Подняв меня, она принялась отирать, отряхивать, покрывать поцелуями, трогать лоб, не поднялась ли температура, спрашивать, куда подуть, и снова целовать. А я разрыдался в голос:

– Не тронь меня, уйди, уйди.

– Тебе так больно? – испугалась мама, став снова меня осматривать и хлопотать.

– Да-да, – плаксиво отвечал я.

Конечно, ушибы не болели. Но я истерил, как девчонка.

Где-то через неделю после этого происшествия мы пошли с папой играть в мяч. Тогда он уже полгода как от нас ушёл, но ещё приходил без коляски. Я катил на самокате по дорожке, окидывая хозяйским взглядом парк в поисках подходящей лужайки, где можно было бы оторваться с мячом. Парк рядом с домом был исхожен вдоль и поперёк, и так как взрослые шли туда, только чтоб от меня отделаться, я его не любил. Начали играть. Папа откровенно поддавался.

– Па, ну бей! – пытался я его завести. – Па, ну ты не играешь! Ну не так!

Лужайка имела небольшой наклон, поэтому мяч скатывался постоянно не туда, и я только и делал, что за ним бегал.

– Па, ну давай! Бей! Только, чур, по-настоящему!

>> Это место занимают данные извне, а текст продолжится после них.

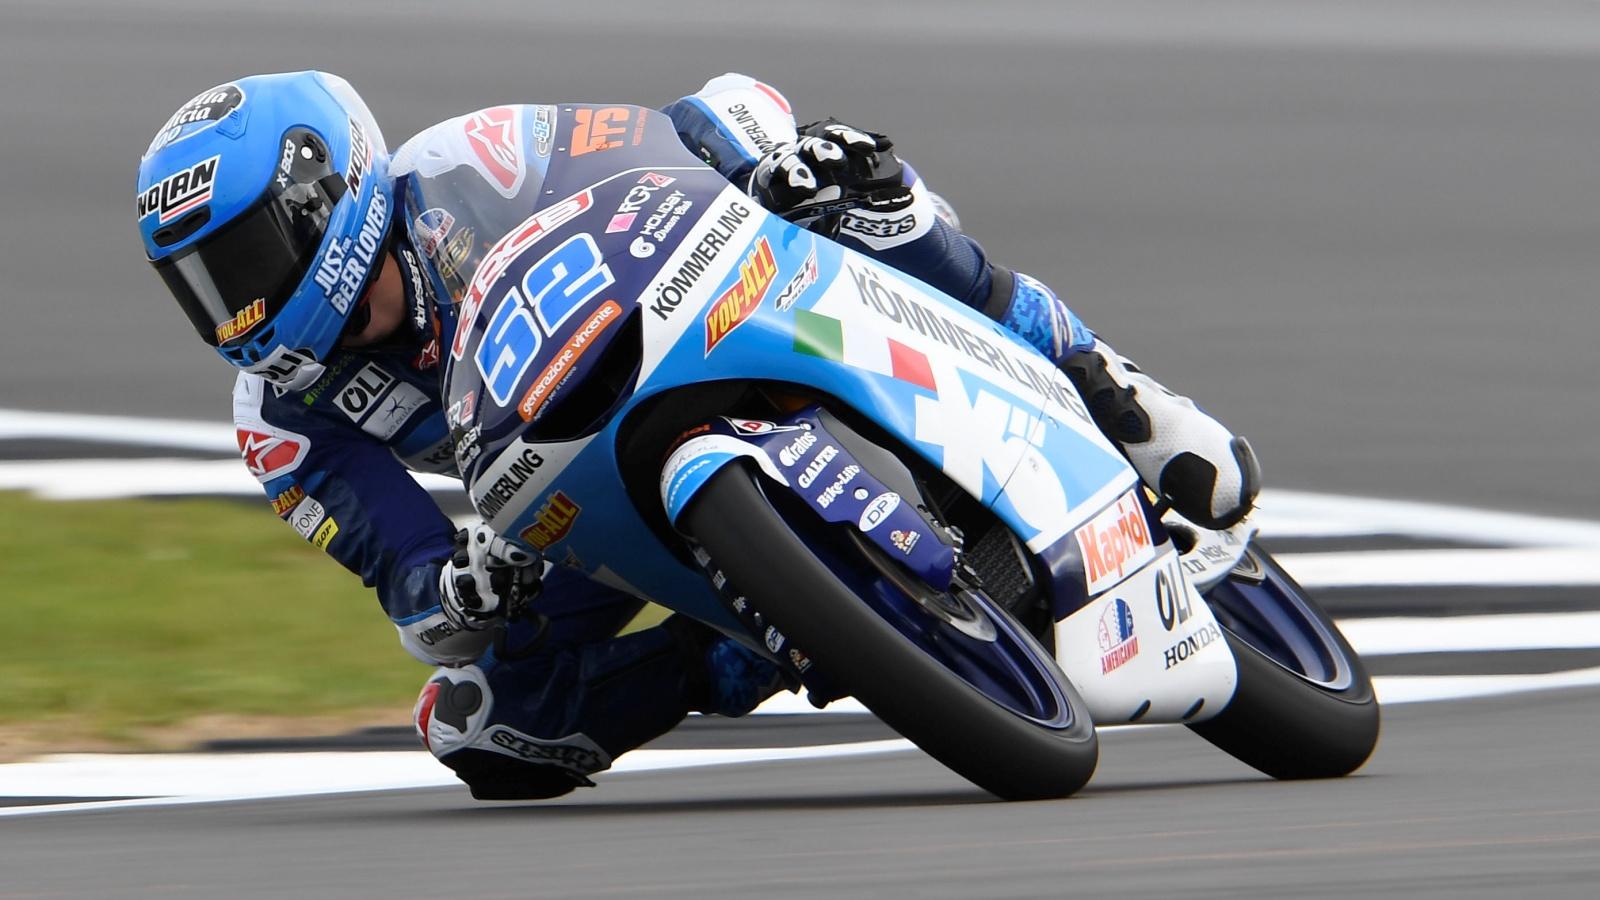 Jeremy Alcoba saltará al Mundial de Moto3 en 2020 con el Gresini Racing

Папины поддавки убили последние проблески азарта, а его натянутые потуги пошалить оказывались хуже безразличия. Ведь раньше, до ухода, он мог меня спровадить (если у него не было настроения), а сейчас делал вид, что ему интересно, как будто мы уже не были родными и об отсутствии настроения нельзя было заявить напрямик.

– Па, куда ты отвернулся!

– О, какие люди в Голливуде! – оживился папа, увидев какого-то прохожего, машущего ему с дорожки пятернёй.

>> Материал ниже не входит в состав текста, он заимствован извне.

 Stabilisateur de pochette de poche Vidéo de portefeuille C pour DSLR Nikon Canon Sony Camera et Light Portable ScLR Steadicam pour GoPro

Мужик, получив от папы ответные жесты, пошёл к нам навстречу. Идя вальяжно, но быстро, он постоянно поправлял свою волнистую пшенично-рыжеватую шевелюру, слегка встряхивая плечом. У него этот жест был слитным: когда он встряхивал плечом, он обязательно касался волос, а если руки тянулись к копне (являющейся, судя по всему, предметом гордости), то само собой подпрыгивало плечо. Но глаза его меня оттолкнули ещё больше, чем привычка поправлять волосы: уголки их так резко были направлены вверх, что казалось, они вот-вот перевернутся в обратную сторону, а потом хитро встанут на место, будто фокуса не произошло.

– Сколько лет, сколько зим, – ответил ему тот, подойдя и пожимая руку. – А это что за малыш? Твой? – наклонился он ко мне с лицом «ути-пути». Глаза, как я и ожидал, перевернулись в обратную сторону и встали на место как ни в чем не бывало.

Я бросил в него мяч. Угодил в пузо.

– Совсем, что ли, спятил? А ну-ка извинись перед дядей! – дал мне подзатыльник отец и пригрозил пальцем, мол, ждёт ремень.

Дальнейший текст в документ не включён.